The total damage was estimated to be more than eighty thousand dollars. The Government did not give us any financial assistance. We got some money from the insurance company but it was not sufficient to cover the cost of the proposed new building or to do repairs and buy the equipment. The Bank of Baroda helped in this difficult time by advancing us loan. The management Committee had resolved to provide all the facilities again by the end of 1973. With its determined efforts, it was able to build a new block (present Library and Chemistry lab and five classrooms) and repair all the damaged rooms by the beginning of 1974 seesion.

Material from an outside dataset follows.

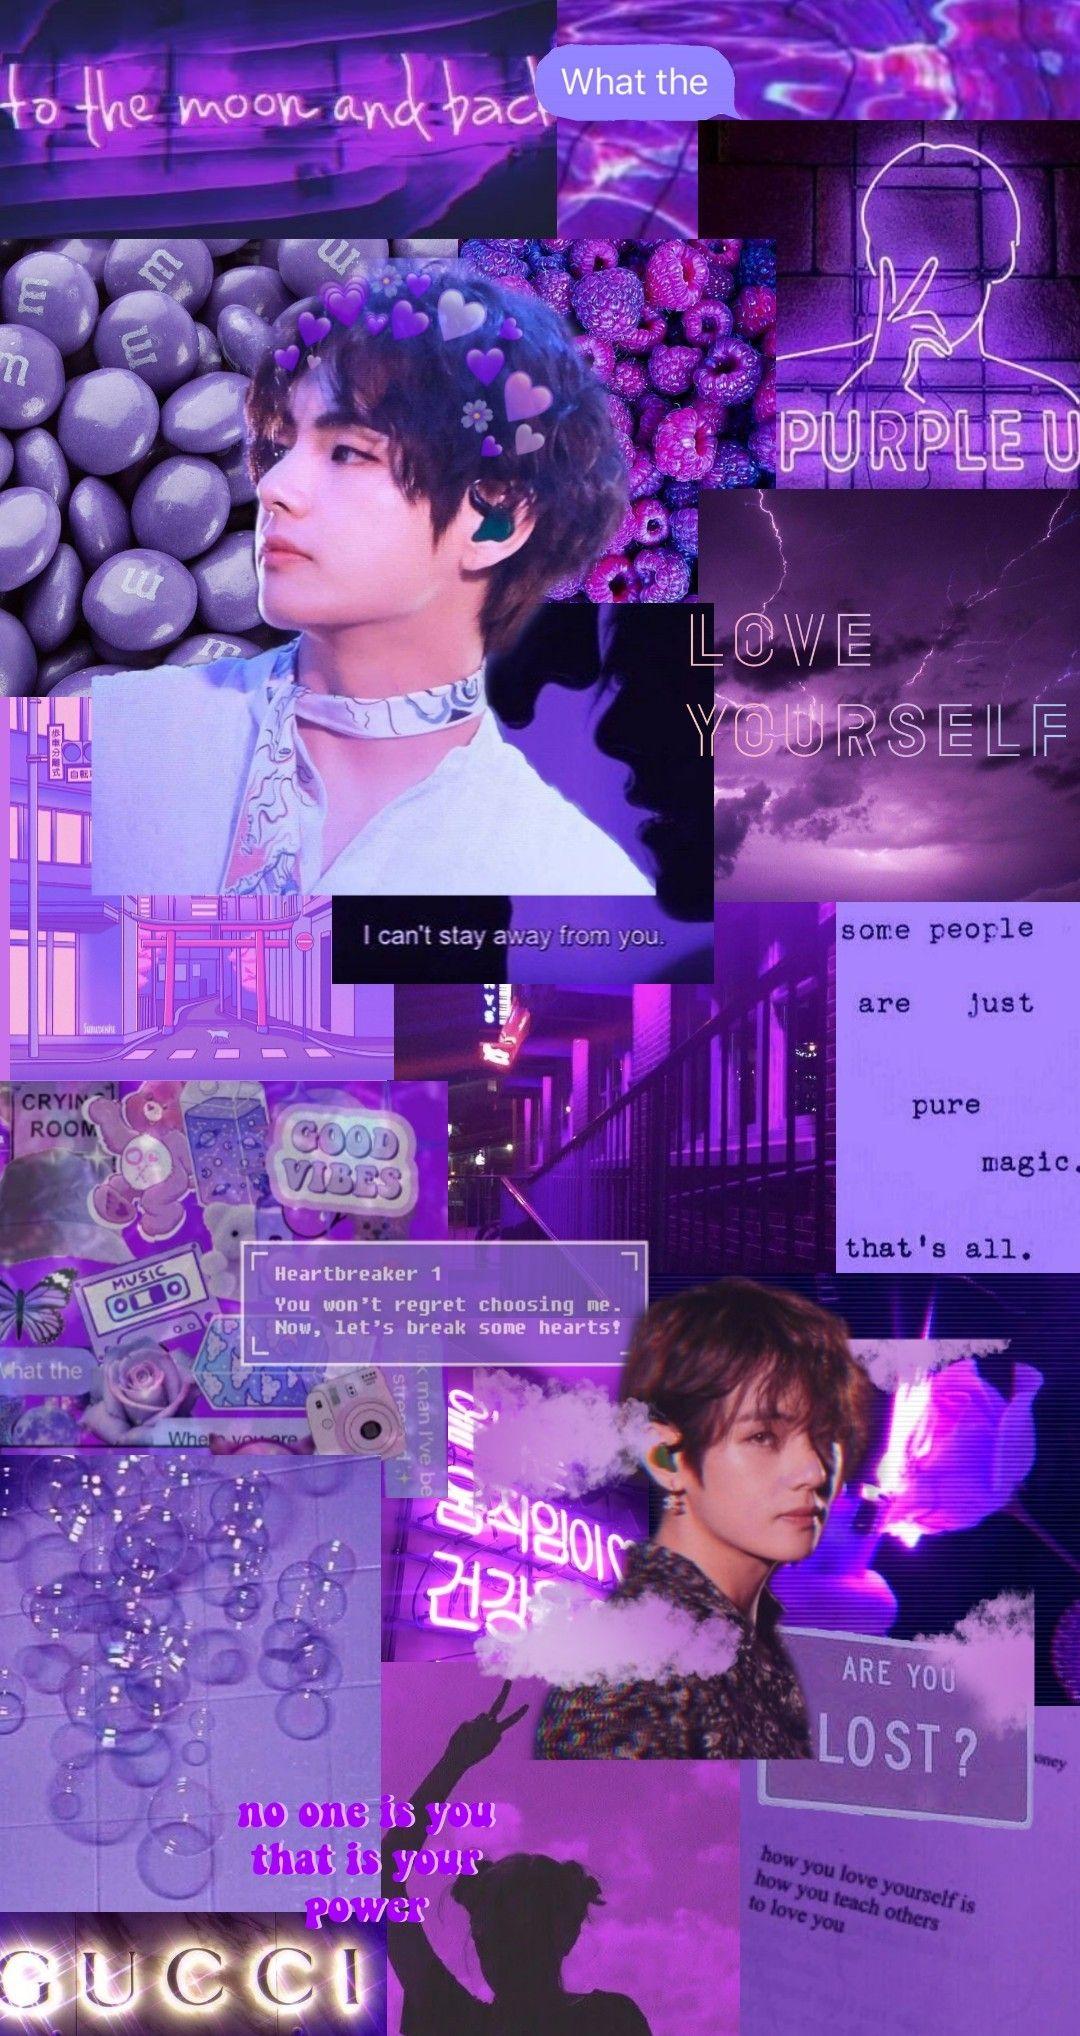 V Purple Aesthetic In 2021 Bts Walpaper Bts Taehyung Bts Wallpaper Lyrics Bts taehyung aesthetic wallpaper

Then we wanted to change the name from Khalsa High School to Khalsa College, not because we wanted to imitate other secondary schools which were called “colleges” but because a new institution was born from the devastation caused by the hurricane and a new spirit and new attitudes had emerged from the suffering and sorrows which our committee, staff and pupils experienced during and after the hurricane Bebe.

On 3rd August 1973, a formal letter signed by Mr Budh Singh, he then Secretary was sent to the Permanent Secretary, requesting him to allow this change but contrary to our expectations, the request was refused by the Ministry. It wrote in its letter, “The name Khalsa High School has become well established educationally. The name appears in many documents and deeds belonging to your committee and this Ministry.” There were some other reasons given in the letter against the change but the manager, Mr J.K.Singh and the Secretary Mr Budh Singh continued the struggle for one year. There was a lengthy correspondence on the subject and at last the Ministry of Education agreed to the change.

On 2nd September, 1974, Khalsa High School became KHALSA COLLEGE officially.

1975-1979 : PERIOD OF FURTHER EXPANSION

The classes seven and eight became part of Khalsa College as forms I and II. It was in accordance with the policy of the Ministry of Education which encouraged the Management Committees of some Primary schools to send classes 7 and 8n to secondary schools. Those committees that were running both primary and secondary schools readily accepted the proposal. Even the building grants were given to some of the secondary schools to build classrooms for forms I and II and Khalsa College had also received $5000 as building grant. Class seven was shifted to the college in 1974 and in 1975 we had both classes seven and eight.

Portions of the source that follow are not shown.